# BackMarket



## nicomarcos (15 Mai 2019)

Bonjour à tous,
Qui a déjà acheté chez BackMarket, car là j'ai un gros soucis.
J'ai acheté un iPhone en février, au fil du temps je le sentais mal, beaucoup de bugs, de plus en plus
au fil du temps  et hier soir : H-S complet.
Je les contacte par mail pour la marche à suivre (sous garantie), ils me mettent en relation avec le reconditionneur qui me réponds que mon téléphone n'est pas garanti car BackMarket ne les paye pas. Je lui réponds que c'est pas mon problème et il me donne leur N° de téléphone.
 et comme par hasard ligne en panne "exceptionnellement" aujourd'hui. J'en suis à mon Xème mail, plus de réponse.
Moralité j'ai plus de téléphone et plus d'interlocuteur !
Super, sérieux tout ça


----------



## peyret (15 Mai 2019)

T'es pas le seul....  https://forum.quechoisir.org/fuyez-back-market-t136200.html


----------



## nicomarcos (15 Mai 2019)

Ah ils peuvent faire de la pub à la télé, je me retrouve avec un iPhone Classé OR Grade A+ 
qui marche plus au bout de 3 mois et j'ai plus de téléphone et mon argent avec.
Super tout gagné !
En cessation de paiement ?


----------



## Chris K (15 Mai 2019)

nicomarcos a dit:


> Bonjour à tous,
> Qui a déjà acheté chez BackMarket, car là j'ai un gros soucis.
> J'ai acheté un iPhone en février, au fil du temps je le sentais mal, beaucoup de bugs, de plus en plus
> au fil du temps  et hier soir : H-S complet.
> ...



Salut,

Selon les Conditions Générales d’Utilisation (https://www.backmarket.fr/cgv.html), BlackMarket se dégage de toutes responsabilités.
Si ton vendeur (« reconditionneur ») vend toujours sur BlackMarket alors qu’il ne fait pas fonctionner la garantie c’est louche.

Bon courage.


----------



## nicomarcos (15 Mai 2019)

Non tu prends le problème à l'envers : le vendeur (qui m'a téléphoné) ne me le garanti pas parce que BackMarket ne lui a toujours pas versé la commission .
C'est pas pareil !
Pour te faire une idée regardes les forums, Que Choisir par exemple.


----------



## Chris K (15 Mai 2019)

nicomarcos a dit:


> Non tu prends le problème à l'envers : le vendeur (qui m'a téléphoné) ne me le garanti pas parce que BackMarket ne lui a toujours pas versé la commission .
> C'est pas pareil !
> Pour te faire une idée regardes les forums, Que Choisir par exemple.

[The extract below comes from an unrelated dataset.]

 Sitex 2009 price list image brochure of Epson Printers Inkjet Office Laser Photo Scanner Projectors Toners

Heuu quand tu achètes un produit, la garantie n’est pas à rebours... elle est effective dès le moment de la vente non ?
Je ne comprends pas comment un vendeur peut décider du jour au lendemain de ne plus garantir un appareil qu’il a vendu. Il s’agit d’un professionnel en plus.

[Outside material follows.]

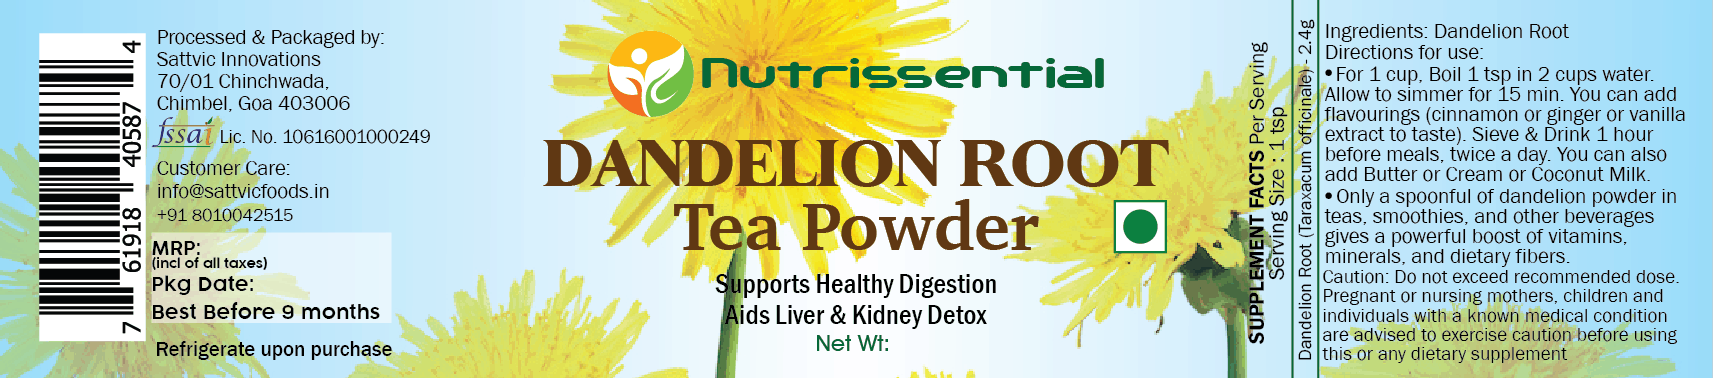 Dandelion Root Tea Powder - Label

Qu’est-ce qui est marqué dans ton contrat de garantie ?


----------



## nicomarcos (15 Mai 2019)

C'est BackMarket qui garanti mais comme ils sous-traitent avec des "reconditionneurs" celui n'étant pas payé par BackMarket il ne prends pas la garantie et BackMarket s'en décharge.
C'est un dialogue de sourds, ils se renvoient la balle et toi dans l'histoire.....t'es ??????
C'est le serpent qui se mords la queue, c'est pas rigolo crois moi !


----------



## Chris K (15 Mai 2019)

nicomarcos a dit:


> C'est BackMarket qui garanti mais comme ils sous-traitent avec des "reconditionneurs" celui n'étant pas payé par BackMarket il ne prends pas la garantie et BackMarket s'en décharge.
> C'est un dialogue de sourds, ils se renvoient la balle et toi dans l'histoire.....t'es ??????
> C'est le serpent qui se mords la queue, c'est pas rigolo crois moi !

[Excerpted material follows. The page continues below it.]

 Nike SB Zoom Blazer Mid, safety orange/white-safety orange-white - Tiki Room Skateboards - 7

Moi je suis un membre du forum (forum où tu as posté ta mésaventure).

Ce que je lis dans les conditions générales de vente :



> *Garantie et responsabilité*
> Le Vendeur renseigne dans chacune de ses offres les garanties accordées à l’Acheteur pour chaque Produit. JUNG S.A.S. ne fournit aucune garantie à l’Acheteur sur les Produits, leur disponibilité ou leur adéquation à leurs besoins.
> 
> JUNG S.A.S. invite l’Acheteur à interroger le Vendeur pour s’assurer de la nature et du niveau de garantie accordée.
> ...



Ainsi que :



> *Reprise*
> JUNG S.A.S. met en relation un Membre et le Vendeur (ci-après le « Reconditionneur ») afin que ce dernier rachète auprès des Membres des produits d’occasion. Le Reconditionneur détermine seul quel type de produit il accepte de reprendre et selon quelles modalités.



Je ne vois pas où il est marqué que BlackMarket garanti quoique se soit, bien au contraire...


----------



## nicomarcos (15 Mai 2019)

1° : Tout d'abord  qui c'est JUNG S.A.S ?
2° : J''ai posté quoi sur "ton forum" ?
3° : Si tu veux me le répares ça ira plus vite que de  discuter dans le néant.


----------



## Chris K (15 Mai 2019)

nicomarcos a dit:


> 1° : Tout d'abord  qui c'est JUNG S.A.S ?



visiblement la société qui est derrière l’enseigne BlackMarket.



nicomarcos a dit:


> 2° : J''ai posté quoi sur "ton forum" ?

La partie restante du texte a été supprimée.